World’s Best Brown Sugar Ham [+ Video]

We've tried many a ham recipe, but this is probably the World's Best Brown Sugar Ham. The best part is, you can make it in the oven or slow cooker.


We’ve tried many a ham recipe, but this is probably the World’s Best Brown Sugar Ham. The best part is, you can make it in the oven or slow cooker. 


Are Ham and Pork the Same Thing?

Generally, in the US, “ham” is a cured leg of pig, or cured section of same.

If i’m not mistaken, pork refers to any meat that comes from a pig.

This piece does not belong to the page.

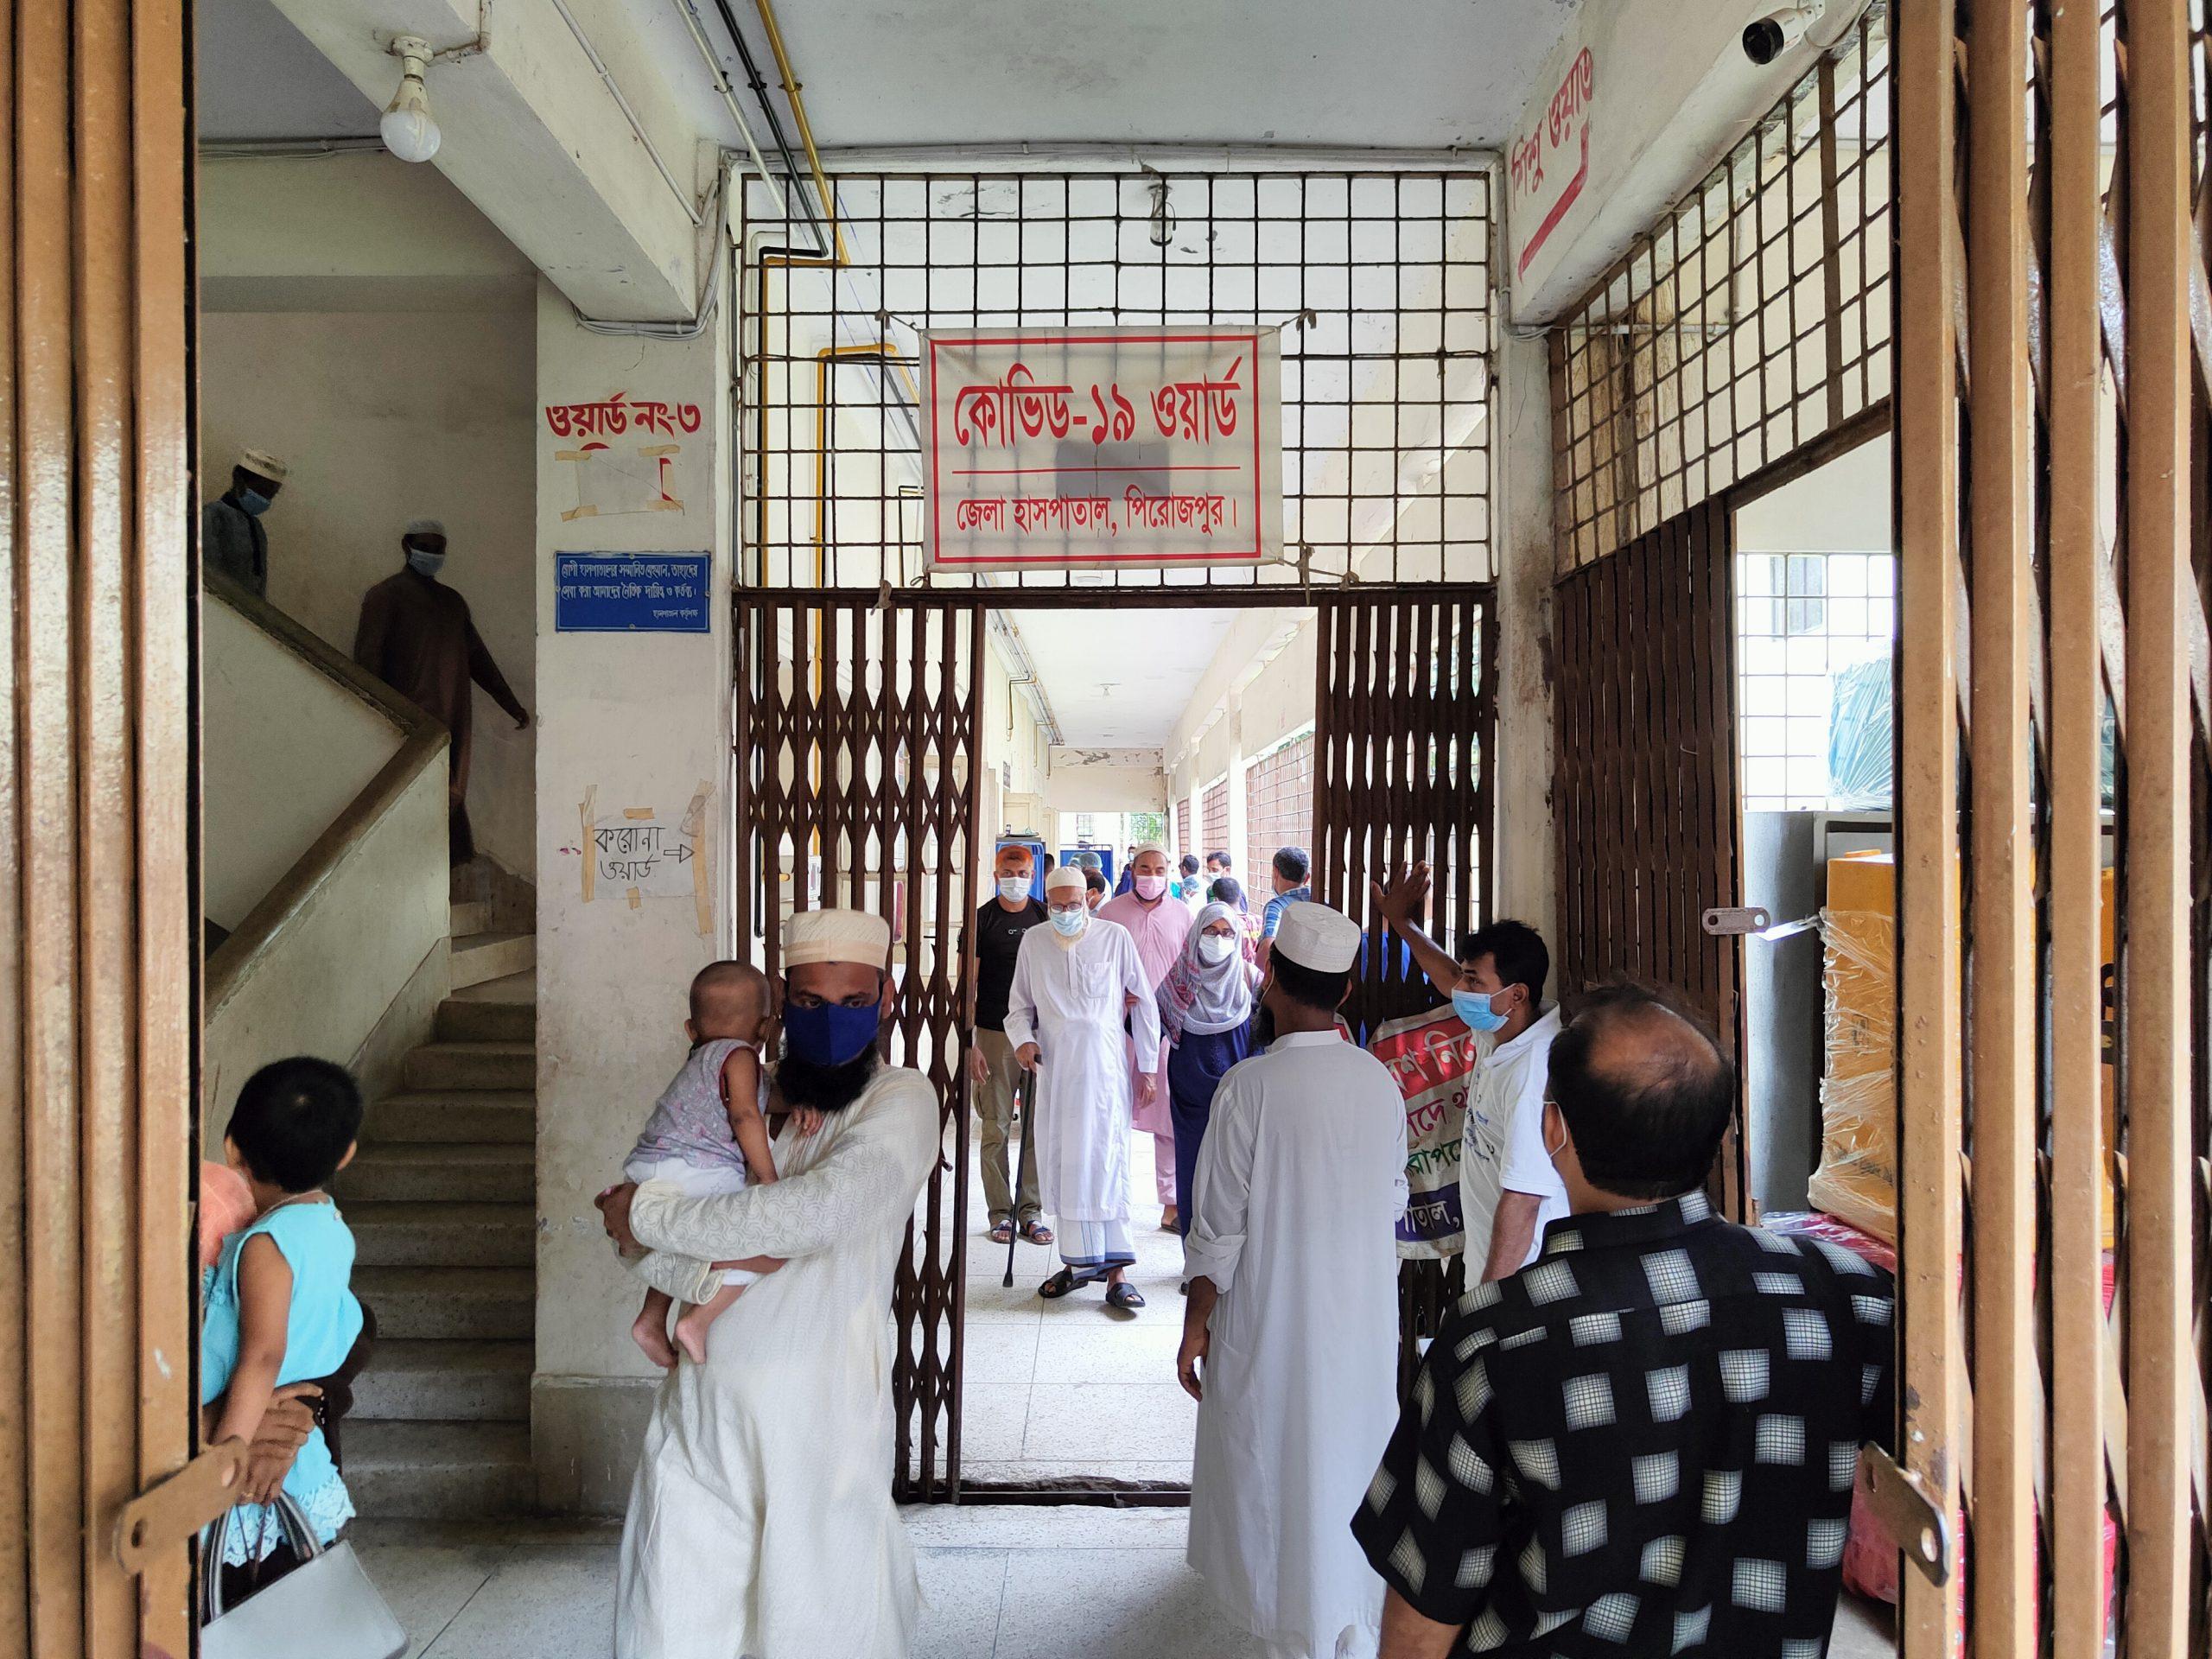 Photo of পিরোজপুরে ২৪ ঘন্টায় ৫ জনের মৃত্যু, হাসপাতালে ভর্তি ৬২ জন

Like we say beef is from an adult cow, veal is from a young cow, pork is from a pig.

Ham, however, is a specific cut of meat from the pig – the thigh.



Burshing Brown Sugar on a Ham on a grey plate.



This is a story I read last year and it really touched my heart. Seemed perfect for the Christmas season which is quickly approaching. So we hope you’ll read it, enjoy it and share it with someone and of course after that make sure you pin the World’s Best Brown Sugar Ham because it is so stinking delicious. Best ham ever and I don’t say that lightly.



Honey Mustard and Pina Colada sauces next to a white plate of ham.



Brown Sugar Ham Dipping Sauce

Do you like to serve your Brown Sugar Ham with dipping sauce? If you want to serve the Brown Sugar Ham with dipping sauces our family and extended family are obsessed with two, a pina colada and honey mustard that is the best honey mustard in all the land. Really. It’s fantastic and we absolutely never serve ham without it.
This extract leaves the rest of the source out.